Romney formed a committee of lawyers in August 2011 to advise him on court nominations and on legal policy questions led by prominent conservatives such as Robert Bork, whose conservative views led Democrats to block his 1987 nomination to the court.”

So, a Romney appointment could make the Court the most conservative in history.How would it rule on marriage equality?  We could find out next year.

Other issues almost certainly to destined for challenge in the future include the abridgement of abortion rights,  voting rights, access to birth control, hidden campaign donors and other consequences of Citizens United, plus issues related to immigration.

But who can predict the crucial issues to be decided during the 20 years or more likely to be served by  any justices appointed  by the next President of the United States? If you care about the consequences of decisions both now and  in the future, the Supreme Court becomes one of the most important issues to be considerd before casting your vote November 6.

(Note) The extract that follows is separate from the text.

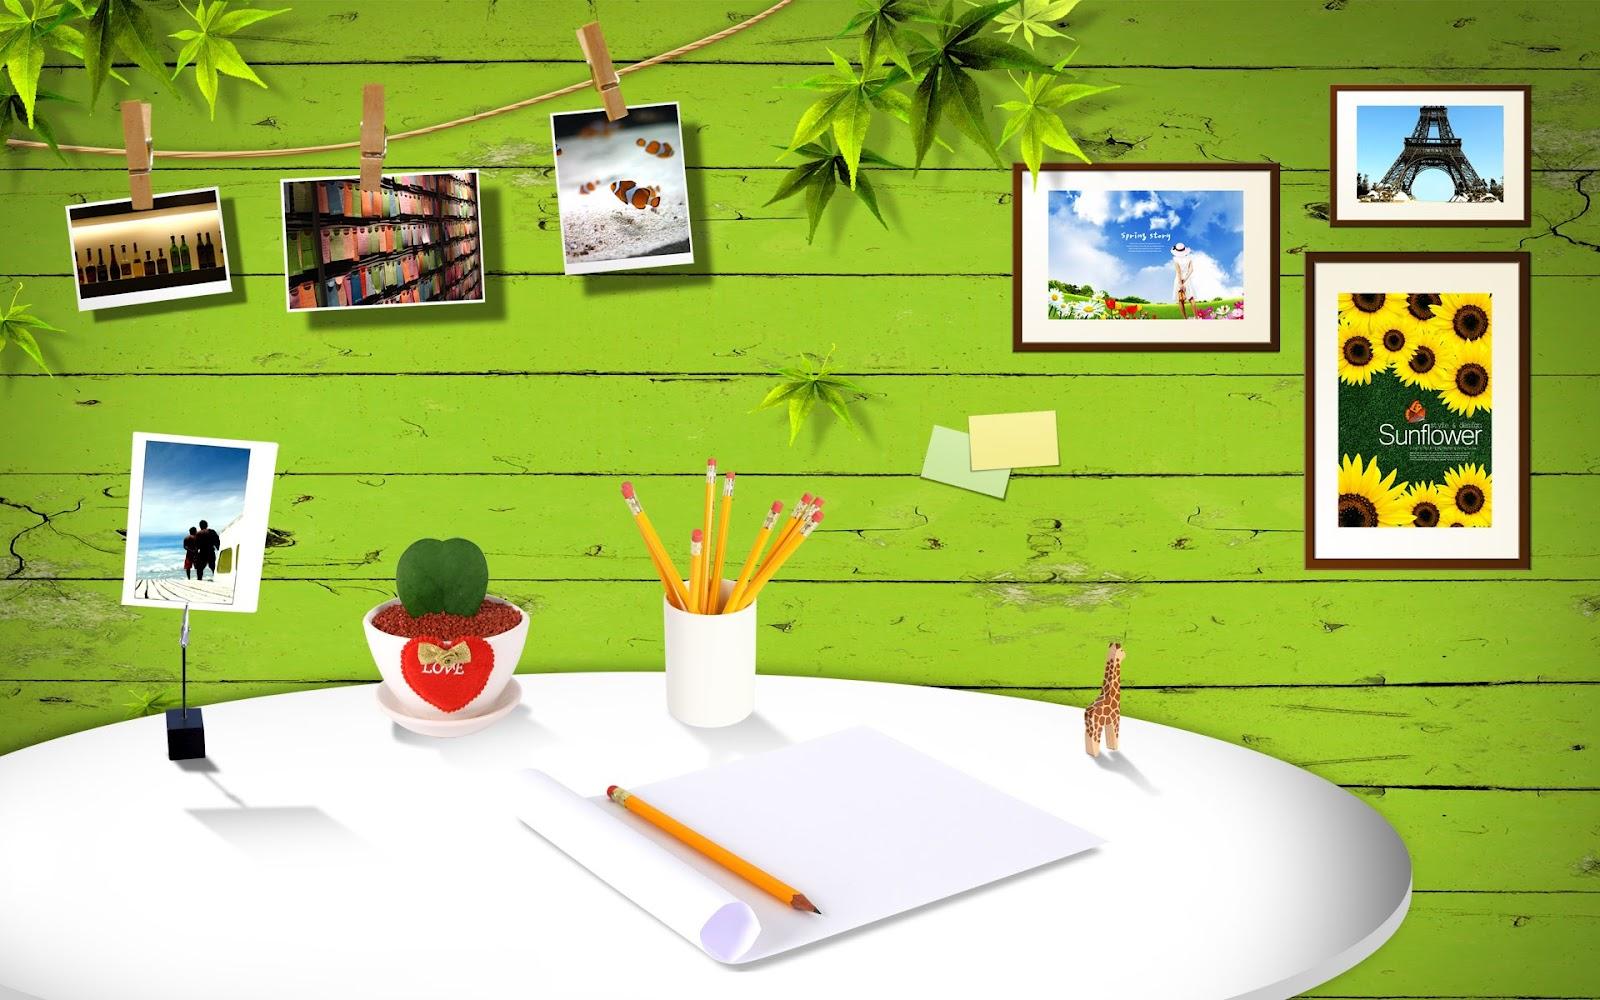 http://4.bp.blogspot.com/-KeZg3gcjVqs/UDb7jUzBwTI/AAAAAAAACK4/pnjGqJwFun8/s1600/Phong+C%C3%A1ch+3d+-+Wallpaper-+%E1%BA%A2nh+%C4%90%E1%BA%B9p+Vi%E1%BB%87t+(12).jpg
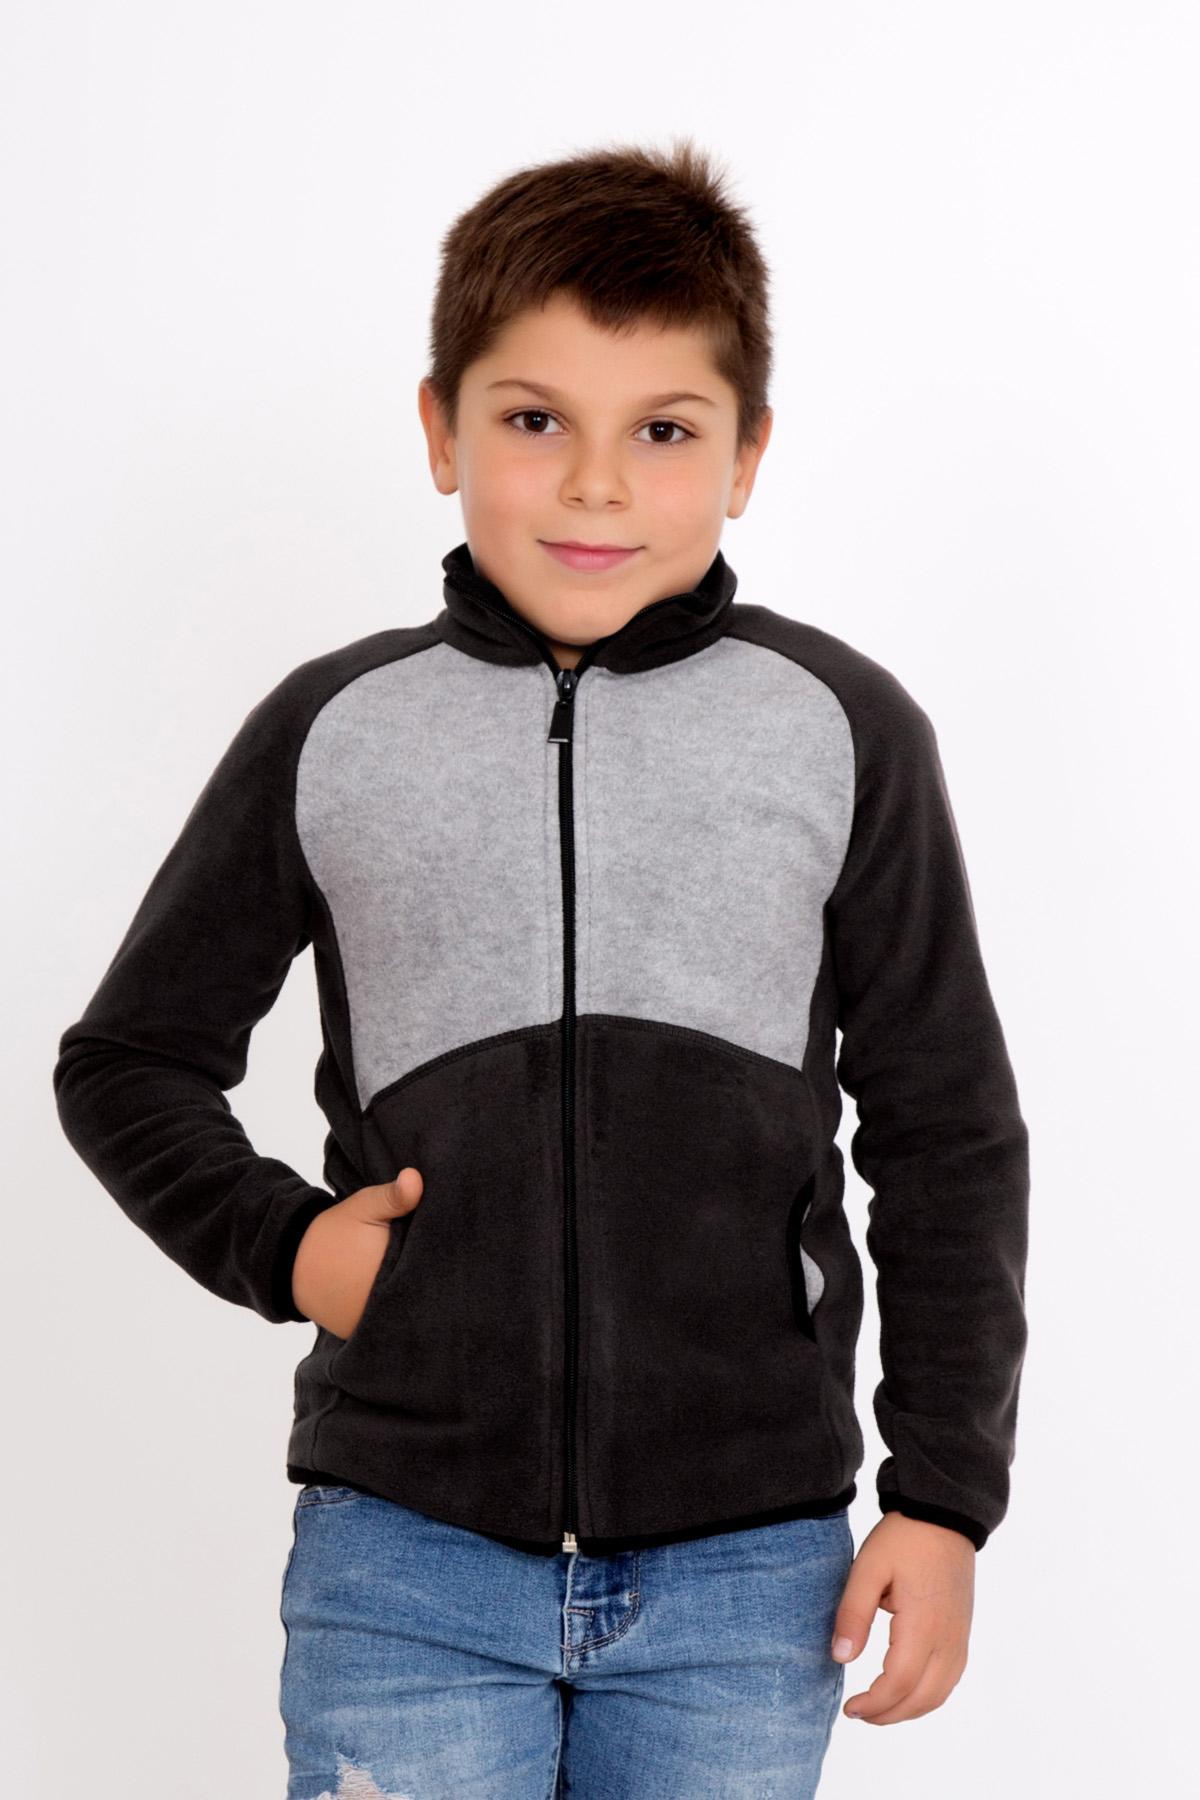 Дет. толстовка Юнит р. 32Толстовки, джемпера и рубашки<br><br><br>Тип: Дет. толстовка<br>Размер: 32<br>Материал: Флис

Has the GOP changed? Ask these Republicans.

“Frankly, one of our political parties is insane, and we all know which one it is.”

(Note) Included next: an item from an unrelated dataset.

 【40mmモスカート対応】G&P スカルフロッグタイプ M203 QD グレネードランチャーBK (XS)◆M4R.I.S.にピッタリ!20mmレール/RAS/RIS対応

Bruce Bartlett, former advisor to President Ronald Reagan


To be sure, the party, like any political party on earth, has always had its share of crackpots… But the crackpot outliers of two decades ago have become the vital center today. The Congressional directory now reads like a casebook of lunacy.

Mike Lofgren, former GOP congressional staffer


“Some of my Republican friends ask if I’ve gone crazy. I say: Look in the mirror.”

David Frum, former speechwriter for President George W. Bush


I’ve become less conservative since the Republican Party started becoming goofy.”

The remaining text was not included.